Lines from the one with "Buccaneers vs Rams" to the end of the material, both included: print them exactly and print nothing else. Omit the pictures.

Raw data
⁂

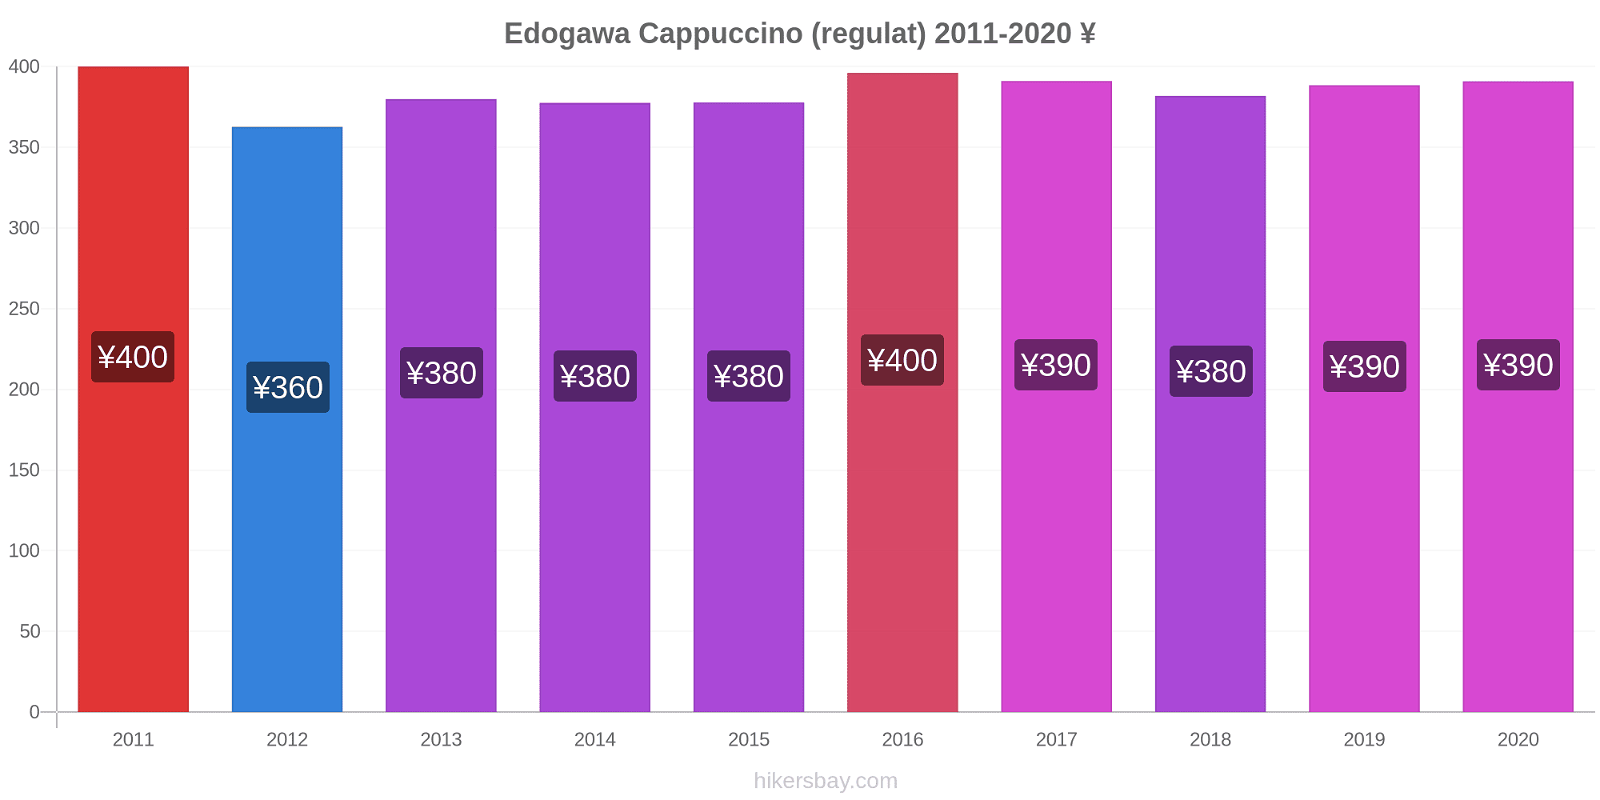 Edogawa modificări de preț Cappuccino (regulat) hikersbay.com
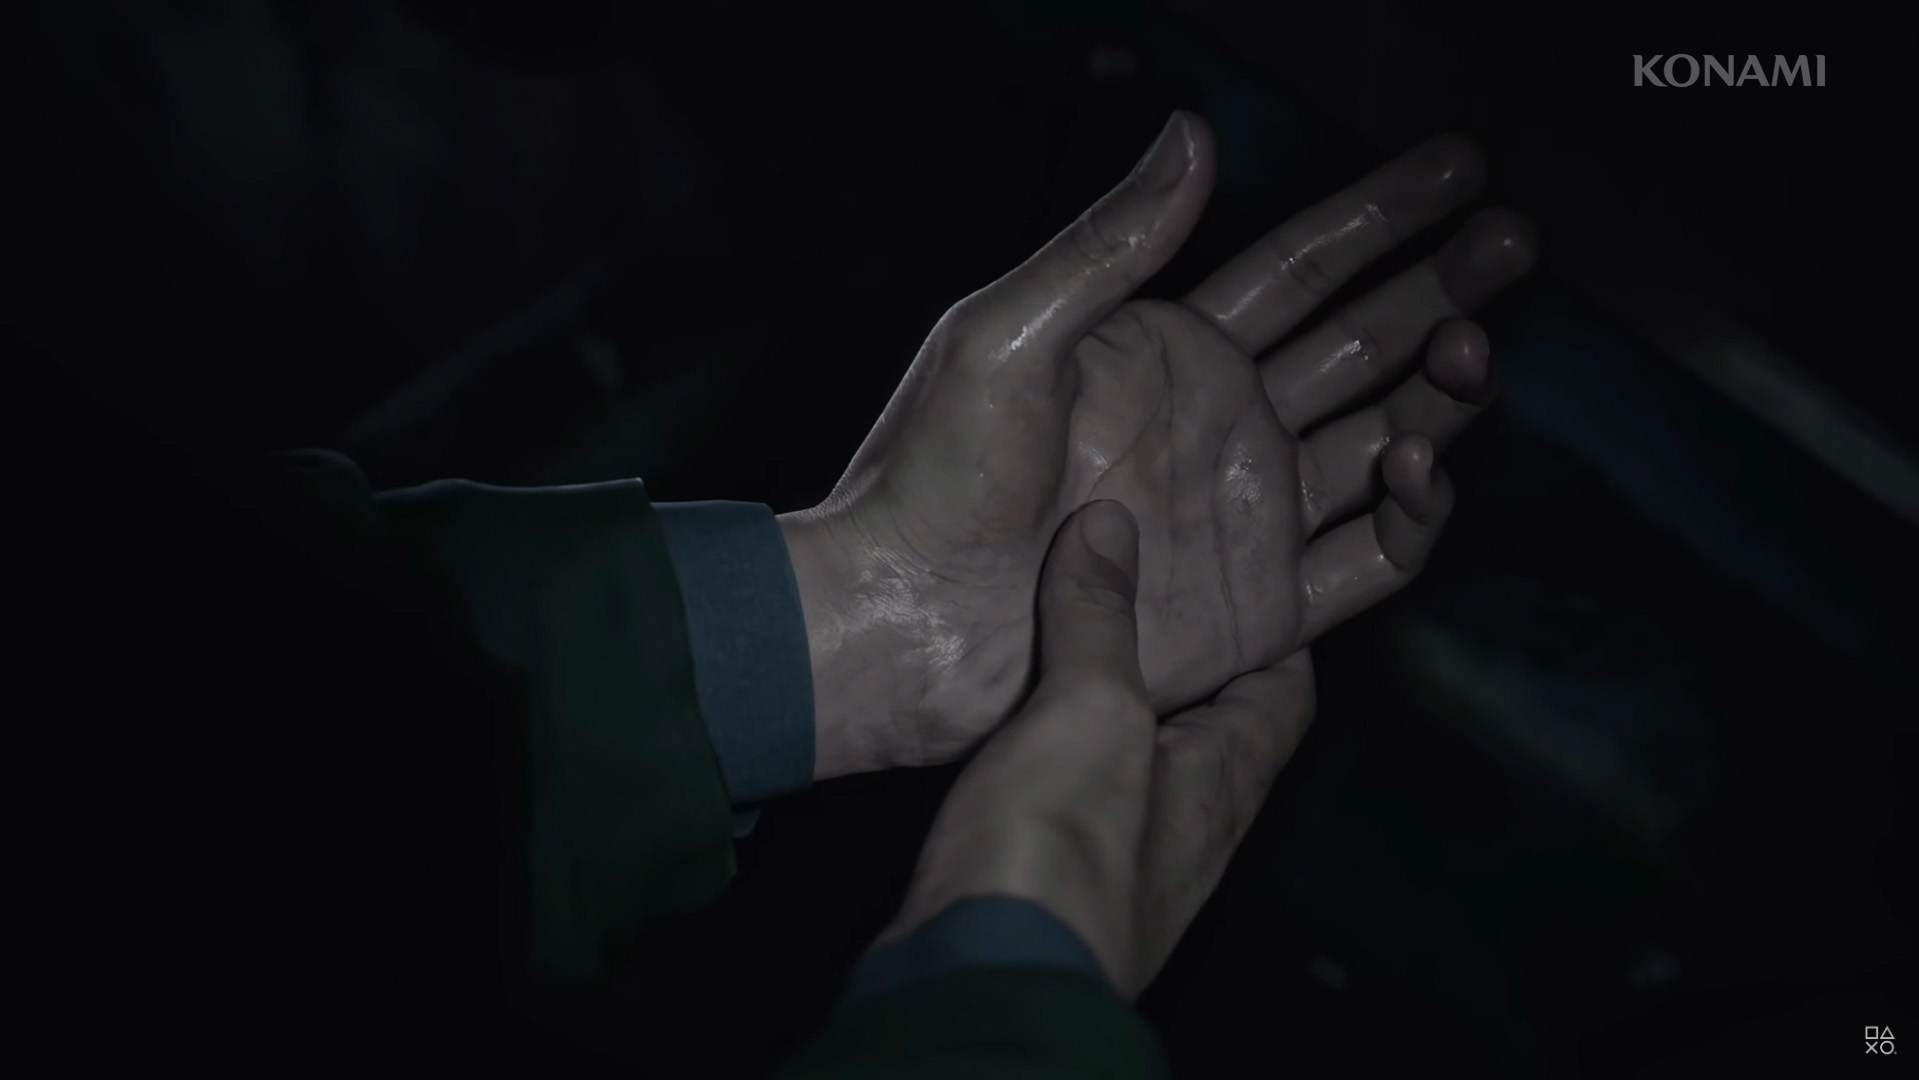 Silent Hill 2 Remake - Trailer 
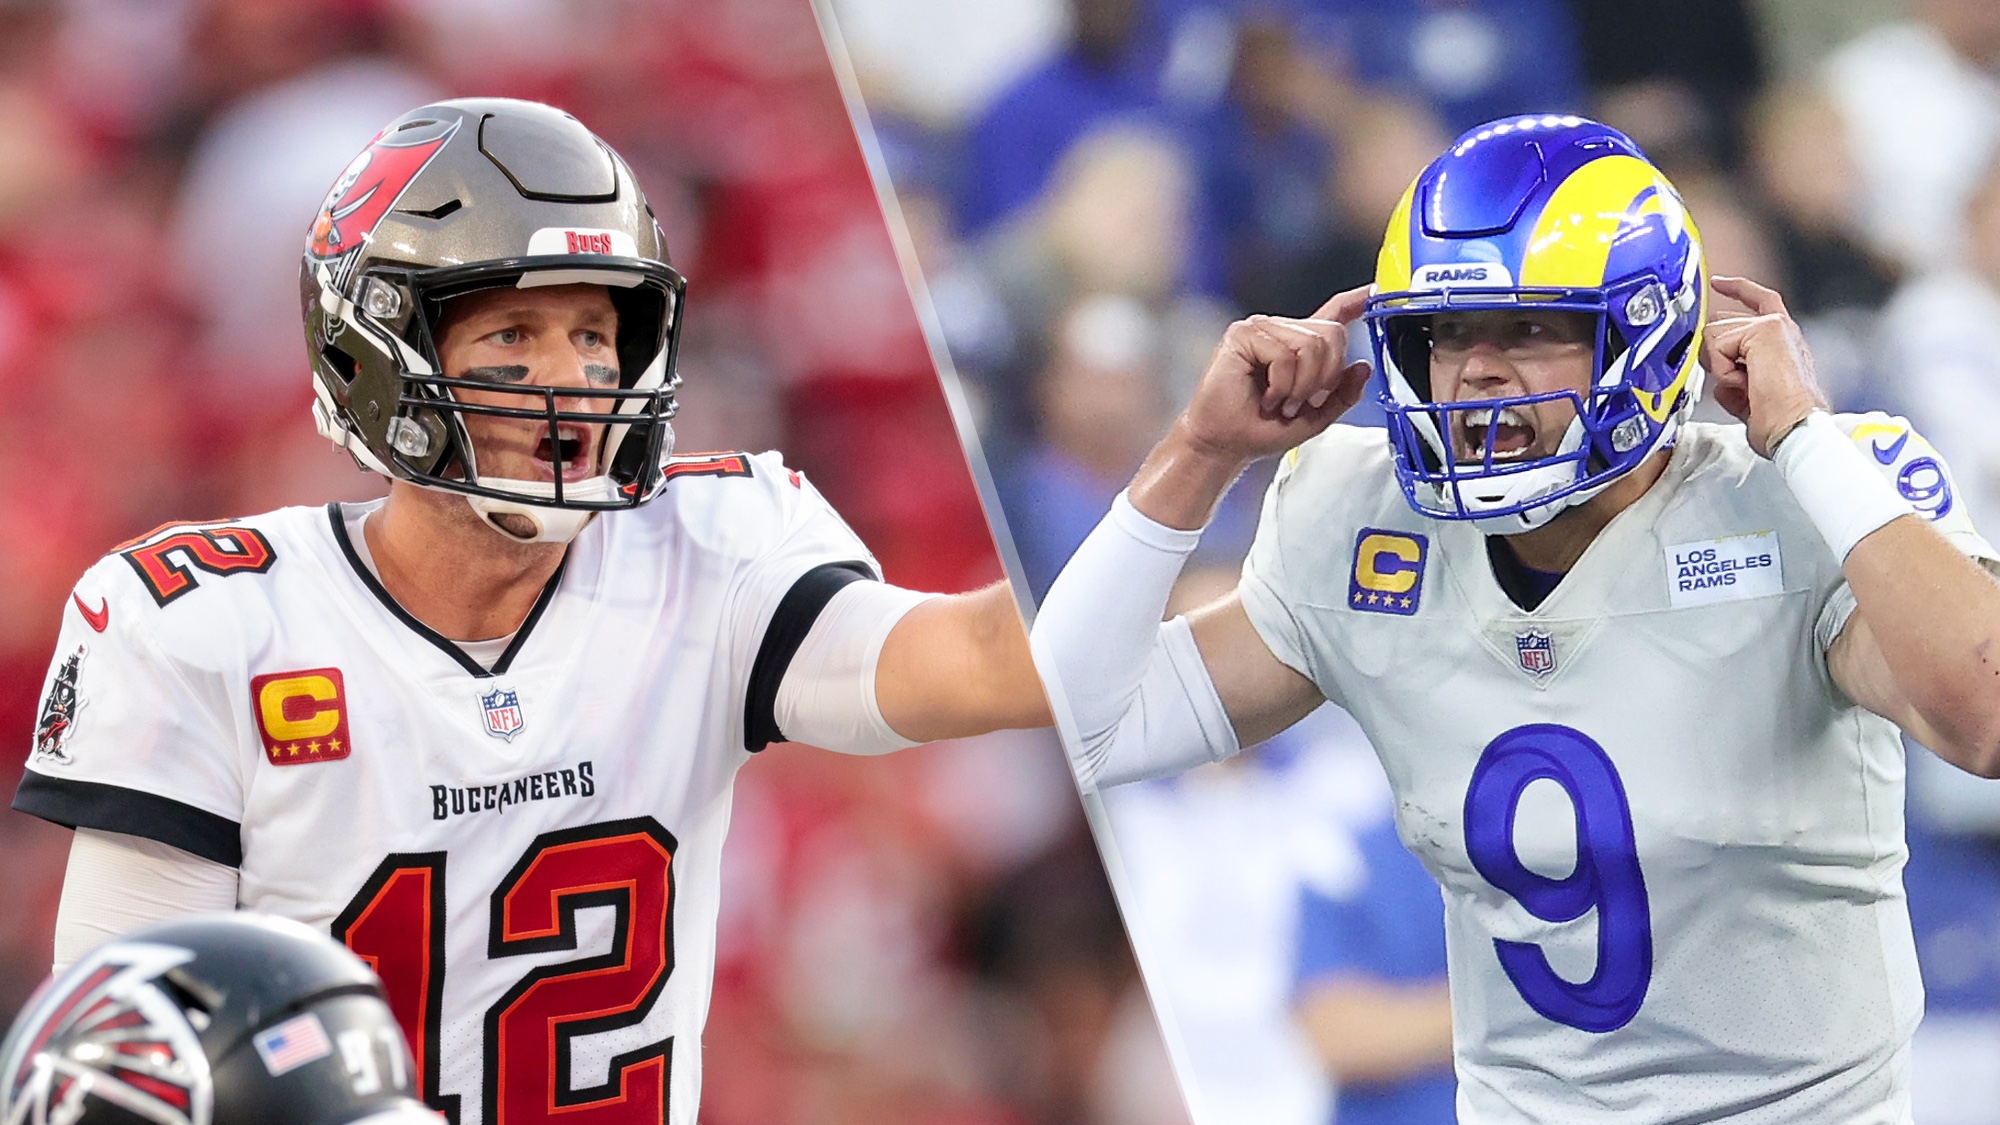 Buccaneers vs Rams live stream: How to watch NFL week 3 game online
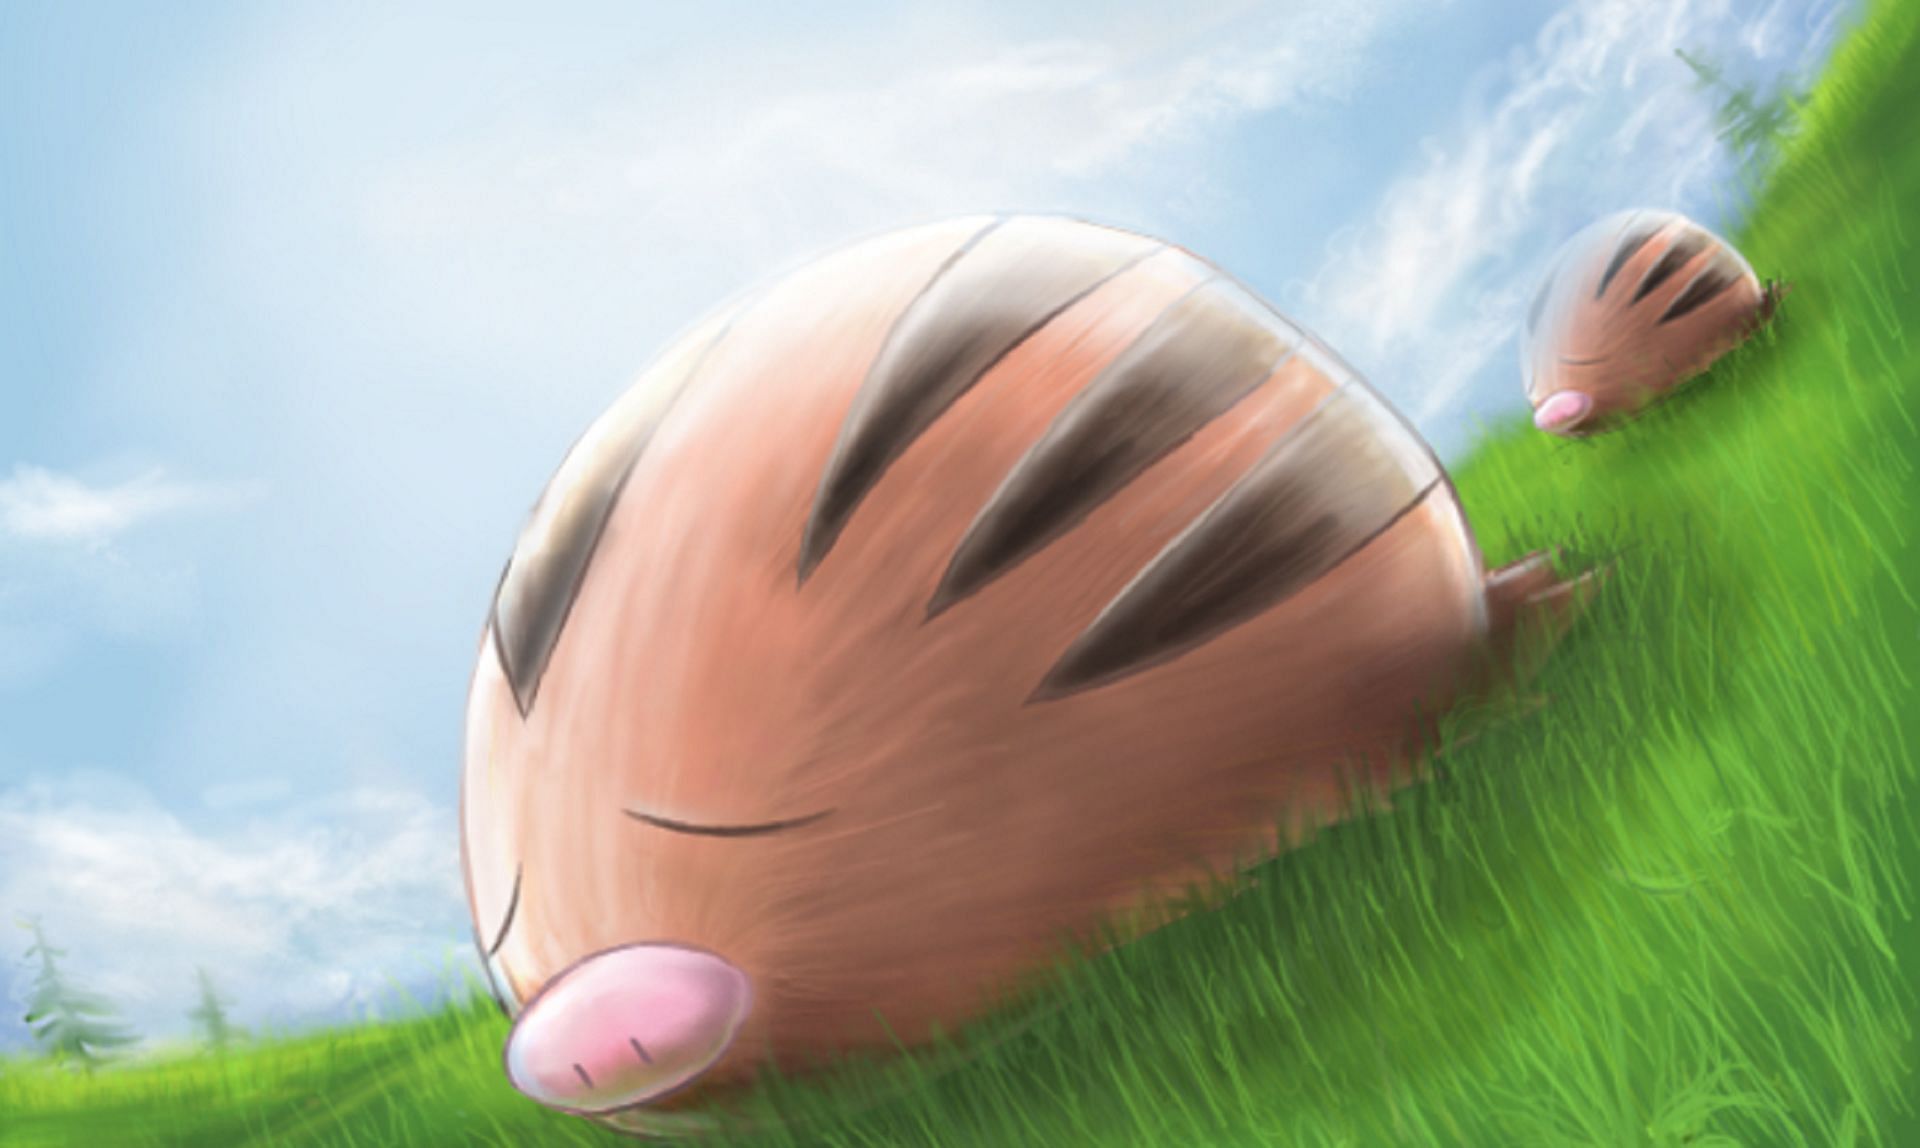 Swinub in the trading card game (Image via The Pokemon Company)

⁂

Answer space
 Buccaneers vs Rams live stream: How to watch NFL week 3 game online
 Swinub in the trading card game (Image via The Pokemon Company)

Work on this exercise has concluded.